The tougher curbs were announced by Mrs Merkel in the early hours of Tuesday after a near 12-hour negotiating session with the leaders of Germany’s 16 regions. The country’s political system means it is these leaders who are ultimately responsible for imposing or lifting lockdowns.
Negotiations were gridlocked for several hours over the thorny issue of whether to allow domestic holidays to take place over the Easter school holidays.
Some regional leaders had argued it made little sense to allow people to fly out to the Spanish island of Mallorca for their holidays while banning residents from taking overnight stays in their own state.
But finally, the leaders agreed to ‘appeal urgently to all citizens to refrain from non-essential travel within the country and also abroad – also with regard to the upcoming Easter holidays.’
Berlin had also struck a deal with air carriers to ensure that all travellers returning to Germany would be tested, Merkel said.
The chancellor added that Germany was ‘in a race to vaccinate’ as the country struggles to accelerate its inoculation campaign.
Dogged by supply issues and mistrust over AstraZeneca’s jab, Germany’s vaccination campaign has been sluggish compared to the British or US programmes.
On Tuesday, Merkel said she would support her former defence minister and current EU commission president Ursula von der Leyen’s threat to block AstraZeneca vaccines produced in the bloc from being exported.
‘I support Commission President Ursula von der Leyen,’ said Merkel.
‘We have a problem with AstraZeneca,’ she added.
European officials are furious that AstraZeneca has been able to deliver its UK contract in full while falling short on its supplies to the EU.
In her tough warning to the Anglo-Swedish pharmaceutical giant last Saturday, von der Leyen said: ‘That’s the message to AstraZeneca: you fulfil your contract with Europe first before you start delivering to other countries.’

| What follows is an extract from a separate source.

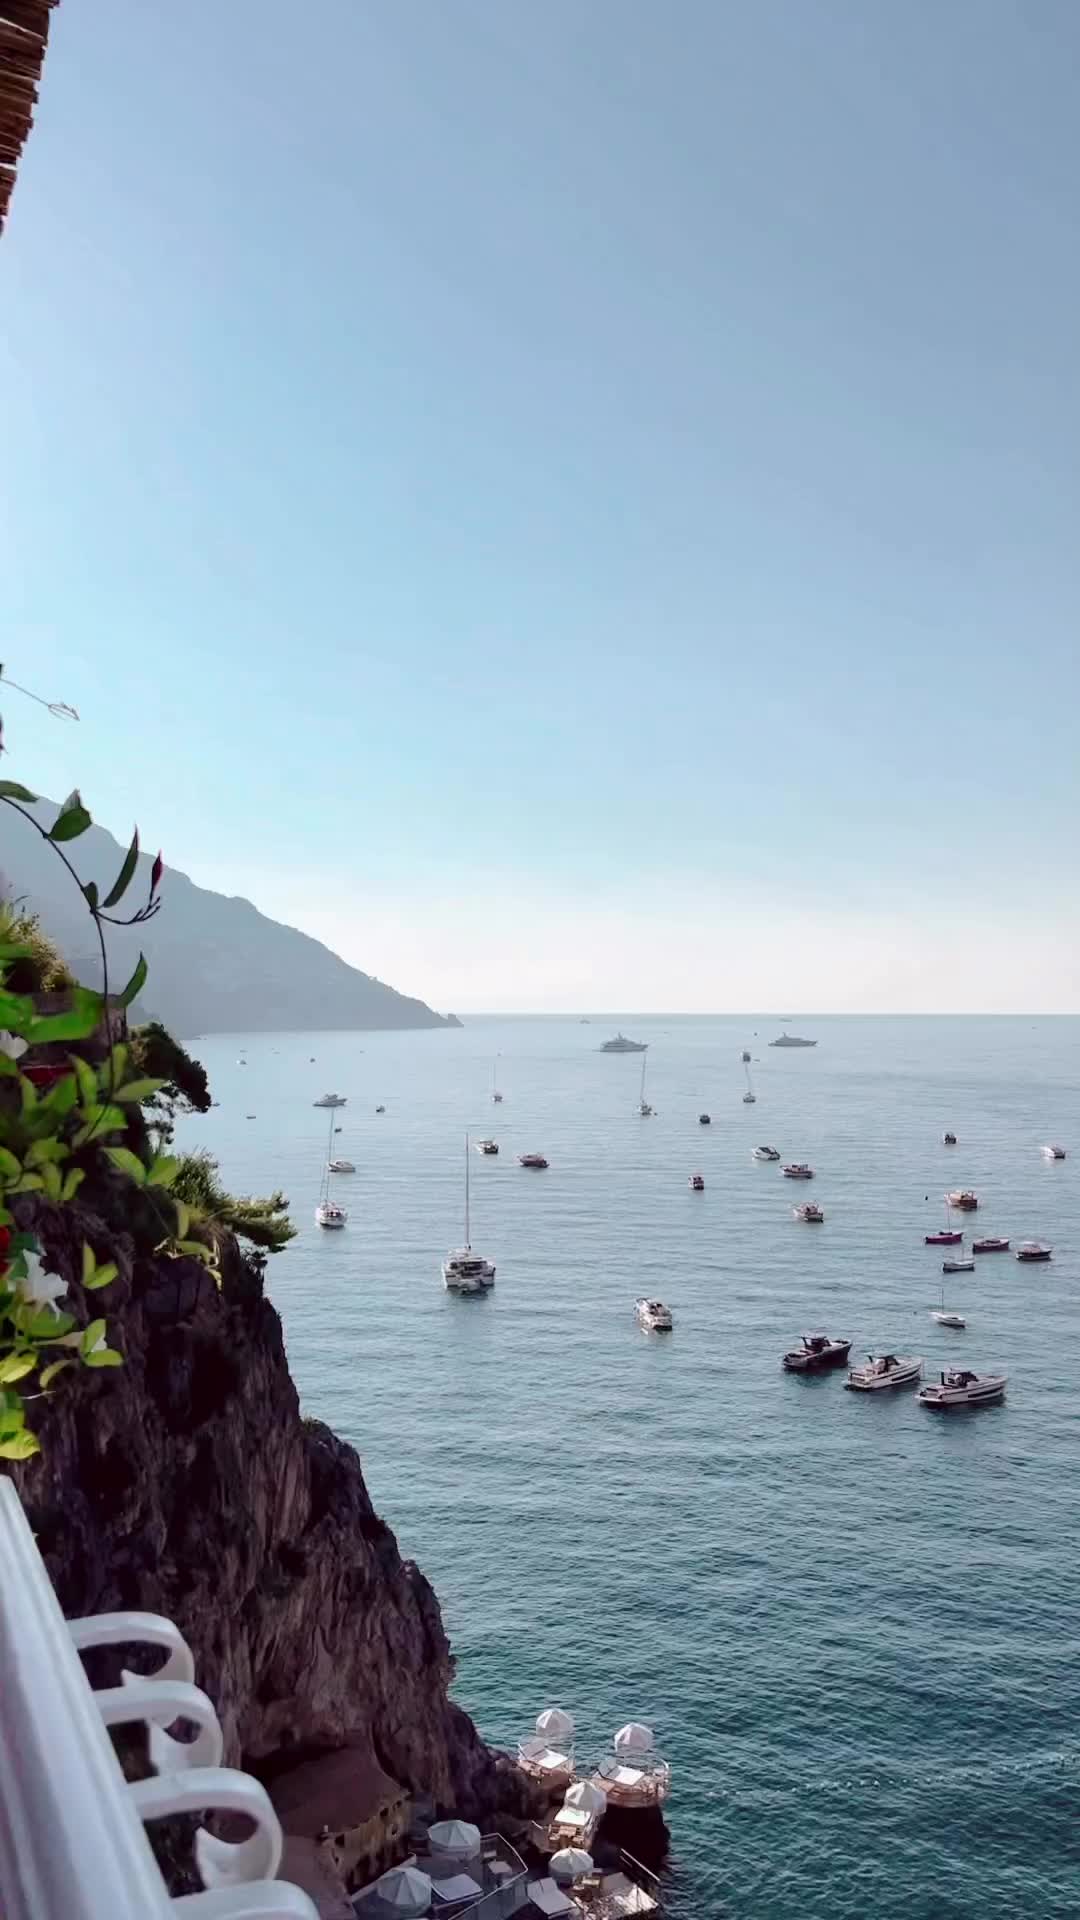 Experience the Magic of Positano on the Amalfi Coast

Meanwhile ministers in the Netherlands and Belgium have also warned that measures may have to get stricter as cases spike.
Frank Vandenbroucke, the Belgian health minister, said on Monday that he is ‘very worried’ about the current situation in the country and warned that easing measures after Easter as currently forecast in now in doubt.
At a meeting on Sunday, ministers agreed on additional measures to be imposed on schools if they are allowed to reopen in April as forecast.
Another meeting has been scheduled for later this week, and Mr Vandenbroucke has refused to rule out imposing yet more measures.
‘I am very worried. In the coming days we have to see what is happening and what we must do,’ he said.
Ministers in the Netherlands also met on Sunday to discuss a possible easing of lockdown measures, but concluded that ‘pressure on the system is too high’ to allow even a partial return to normality.
Reopening universities and outdoor dining, which had been due to kick in from March 31 will likely not take place, De Telegraaf reported.